Three jobs this actually saves time on
Building a version list. When you are documenting which releases a customer has touched, or assembling the set of versions a migration script must handle, you need the distinct values, not the duplicates. Paste the source, dedupe, sort, and export. The list is done before you would have finished scrolling.
Finding every version mentioned in a changelog. Audits and compliance reviews often ask "which versions does this document reference?" The honest answer requires catching the prereleases and the in-line bumps a human skim misses. Keeping line numbers means you can jump back to the exact context for any version that looks surprising.
Dependency review. Logs and lockfile diffs are full of version strings buried in noise. Extracting them gives you a quick inventory of what is actually in play, which is the starting point for spotting an outdated or duplicated dependency. When you only need to confirm that a pile of versions are well-formed rather than collect them, the Semantic Version List Validator does the focused check.
Why local processing matters here
I reach for this most when a teammate drops a CI log into chat and asks which builds it covers. The log is forty kilobytes of timestamps and stack traces with a dozen versions scattered through it. I paste it in, take the deduped list, and answer in under a minute, and because the parsing runs entirely in my browser, I never have to think about whether that log contains an internal hostname or a token I should not be uploading somewhere. For changelogs, lockfiles, and log snippets, a few megabytes of text is plenty; for a gigabyte CI archive, grep the relevant lines locally first, then paste those.

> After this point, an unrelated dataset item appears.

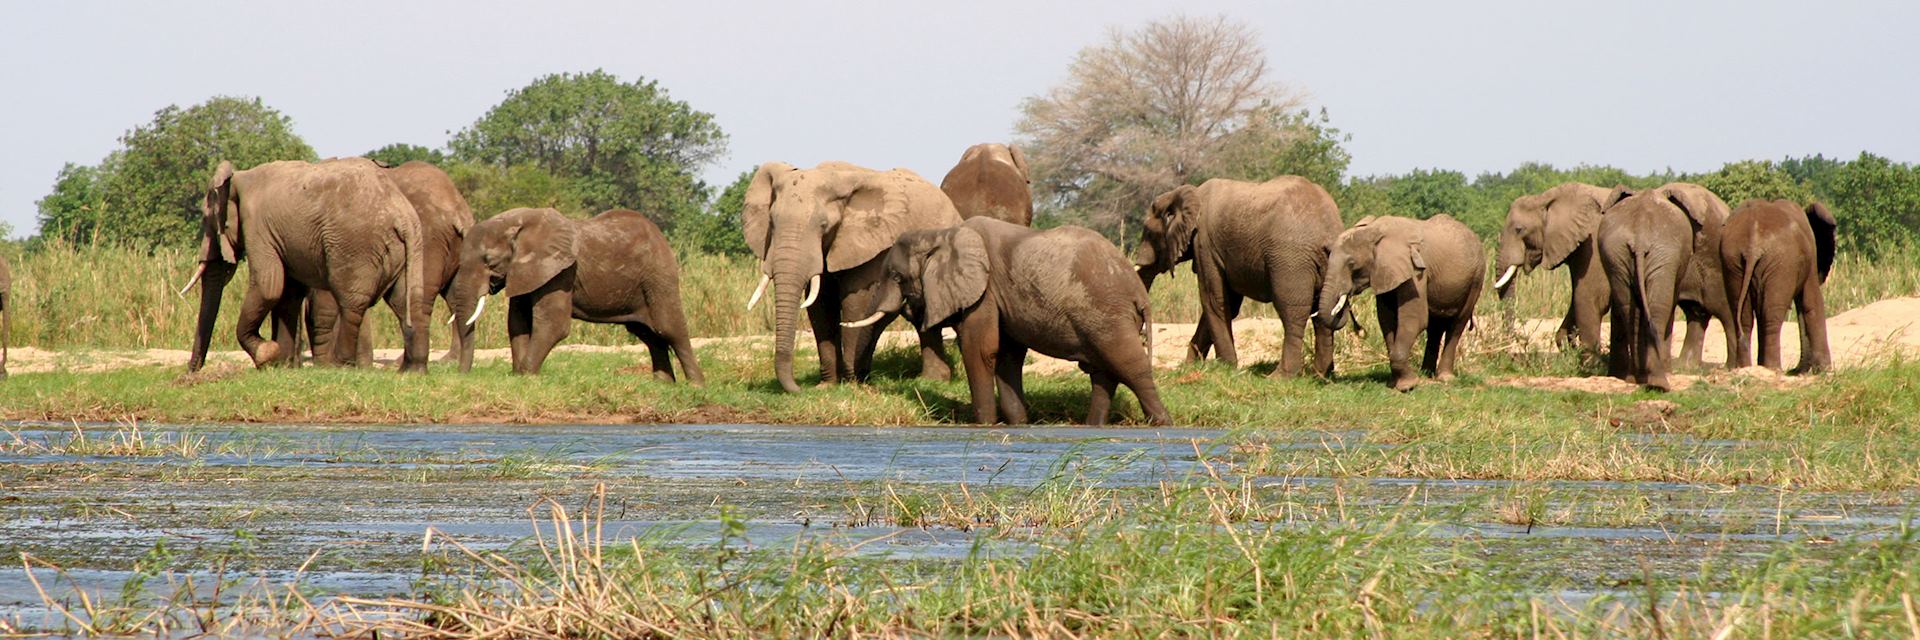 Elephants in Lower Zambezi National Park

That local-only guarantee is the quiet reason to prefer a browser tool over a random web service for this. Version strings travel with the context around them, and that context is frequently something you would rather not hand to a server.
Where this fits
Extraction is usually the first step. Once you have the clean list, you might normalize edge cases, collapse near-duplicates, or reformat for a specific target. The extractor covers the common path end to end, and when one stage needs more attention, the dedicated tools take over from there without making you re-paste your source.